| WHAT YOU NEED TO DO |
Exactly and only the lines below from the one containing "深圳在建一条铁路线对接江门,全长1161公里,桥隧比达到98%" down to the one containing "Call of Duty: Modern" are wanted, both included; please exclude every picture.

| INFORMATION GIVEN |
━━━━━━

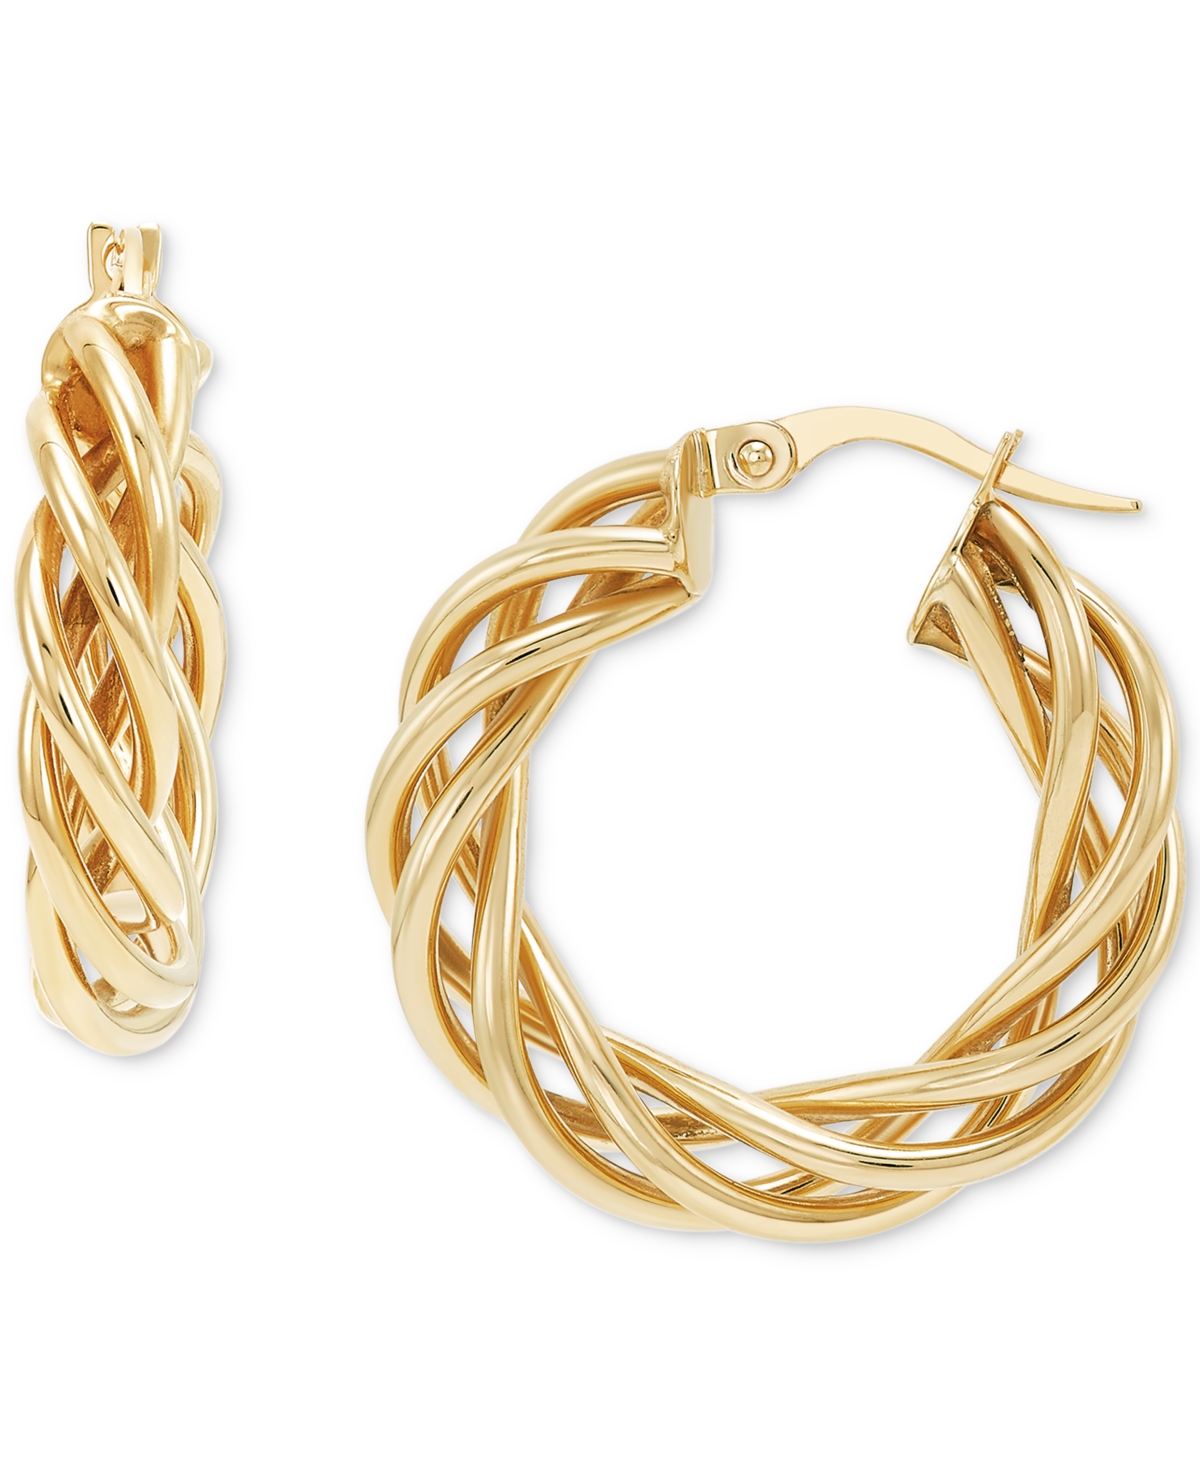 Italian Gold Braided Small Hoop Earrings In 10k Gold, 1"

━━━━━━

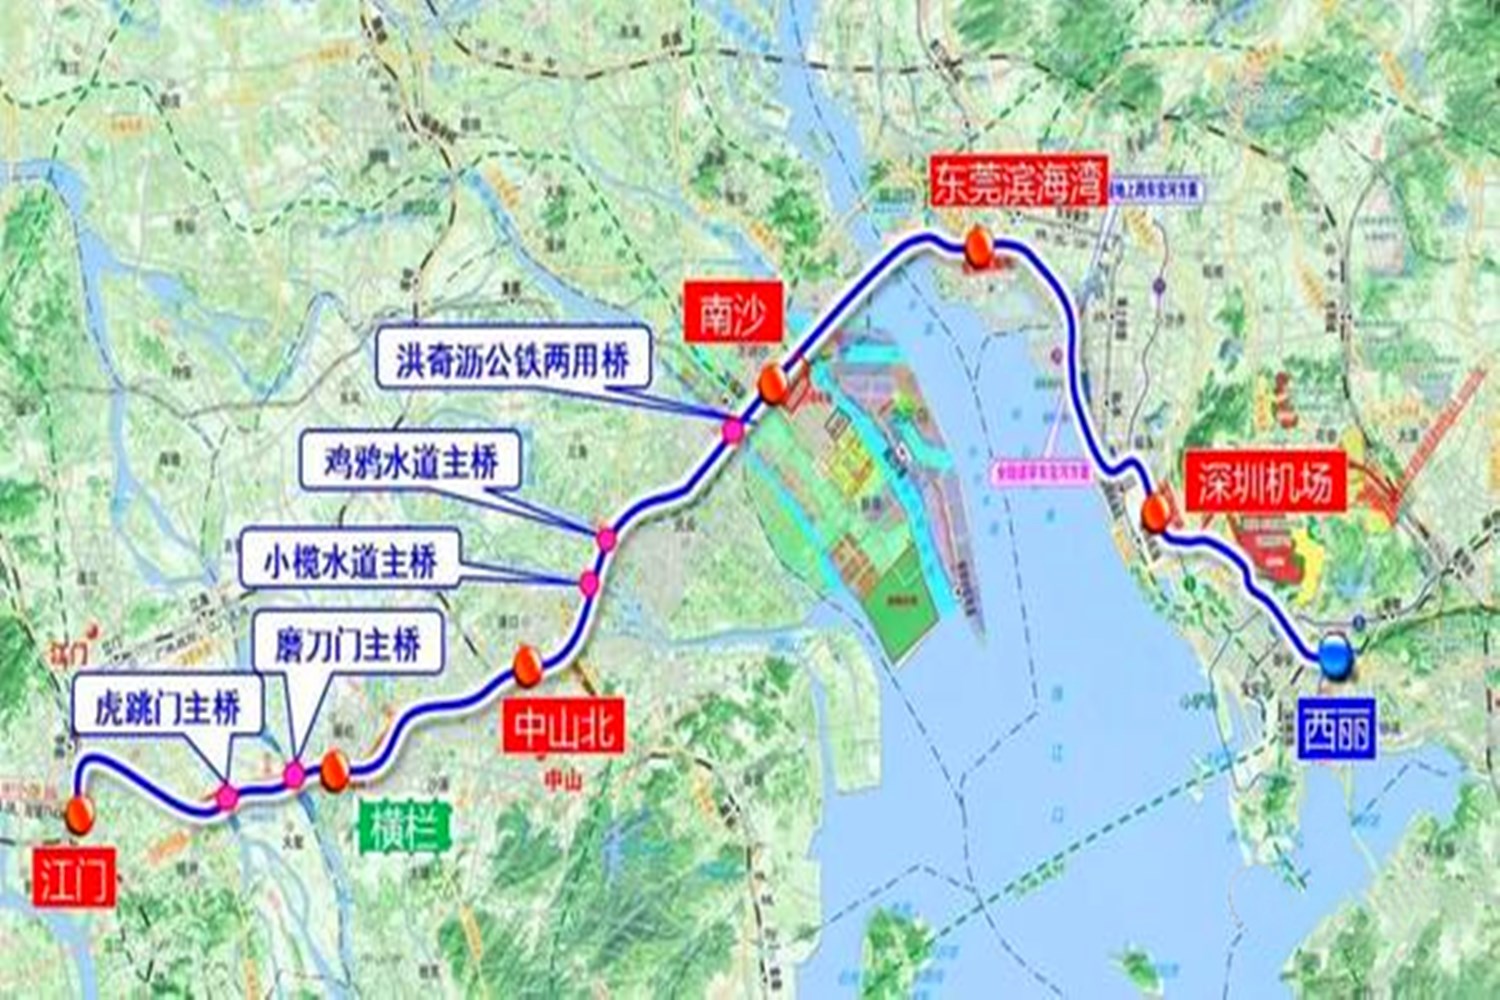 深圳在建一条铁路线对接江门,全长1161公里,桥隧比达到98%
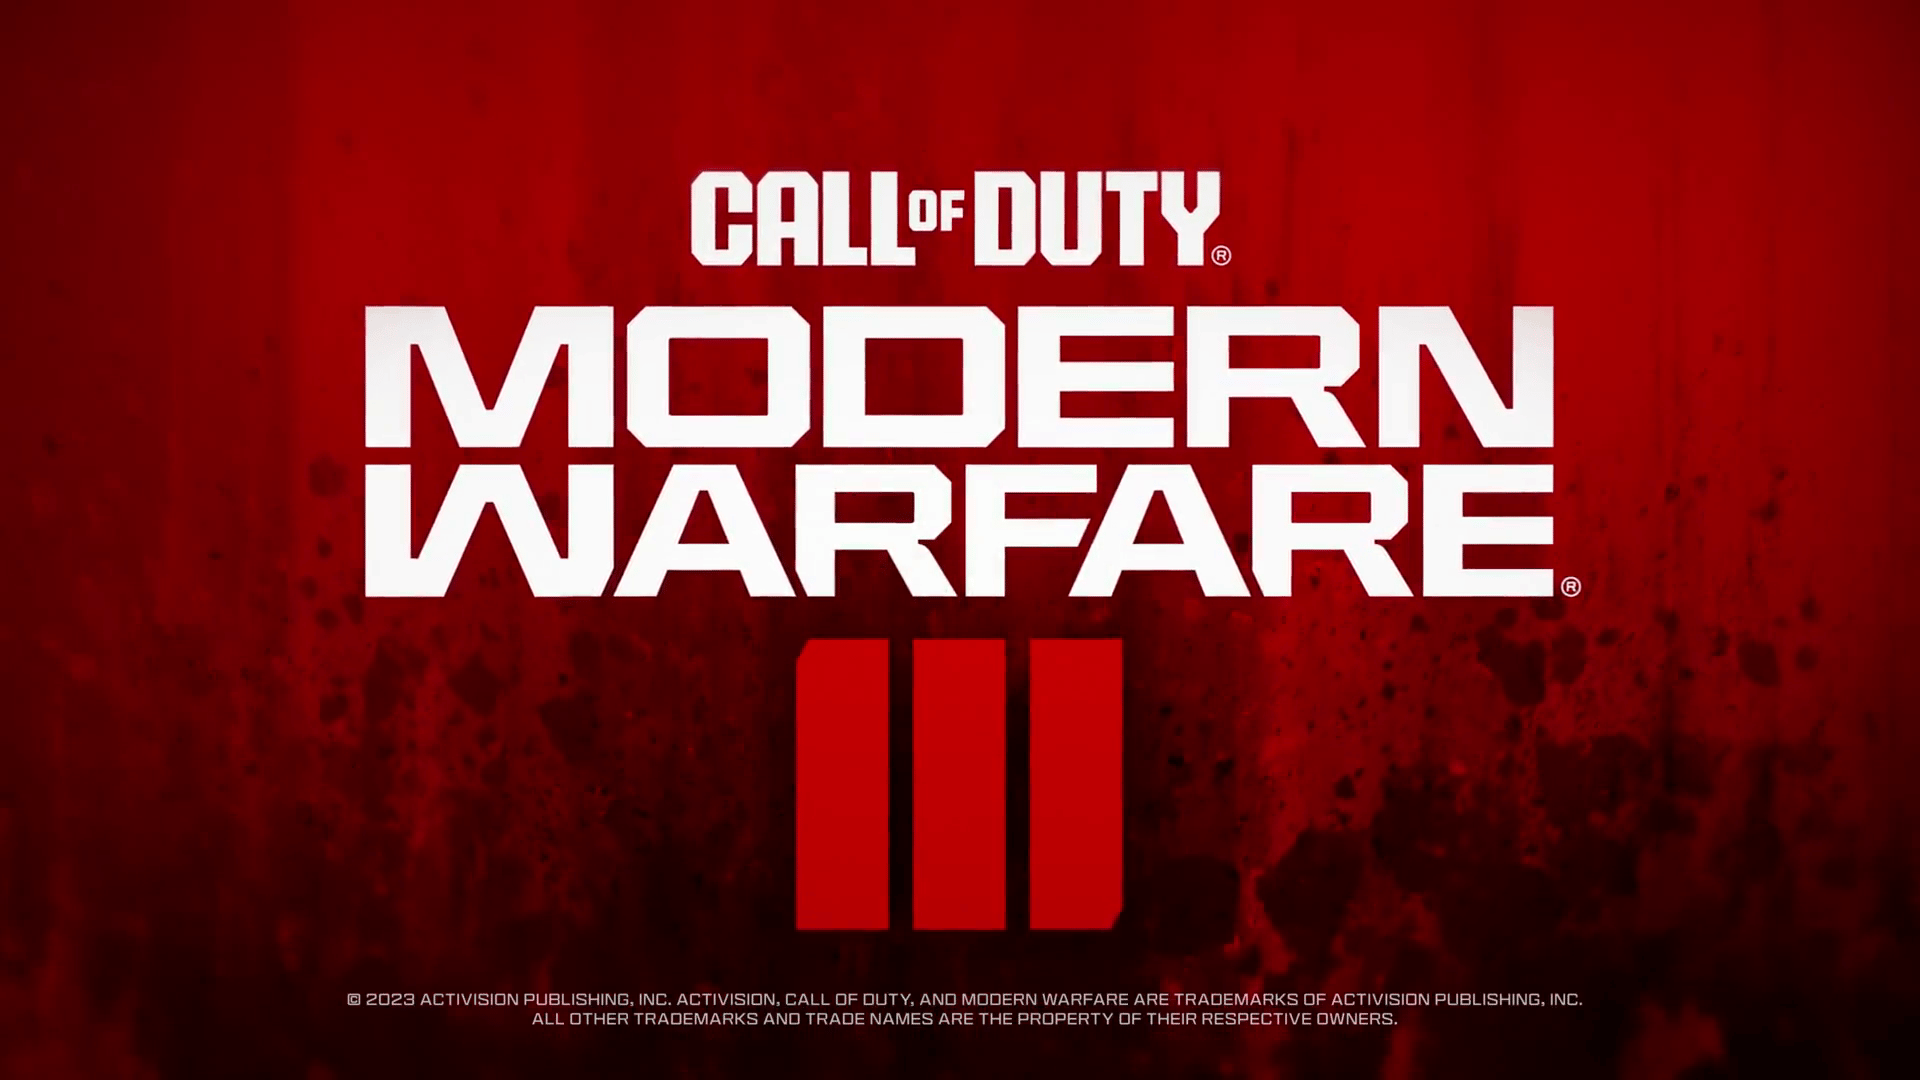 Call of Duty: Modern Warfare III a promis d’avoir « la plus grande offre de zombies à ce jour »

━━━━━━

| SOLUTION TO THIS EXERCISE |
 深圳在建一条铁路线对接江门,全长1161公里,桥隧比达到98%
 Call of Duty: Modern Warfare III a promis d’avoir « la plus grande offre de zombies à ce jour »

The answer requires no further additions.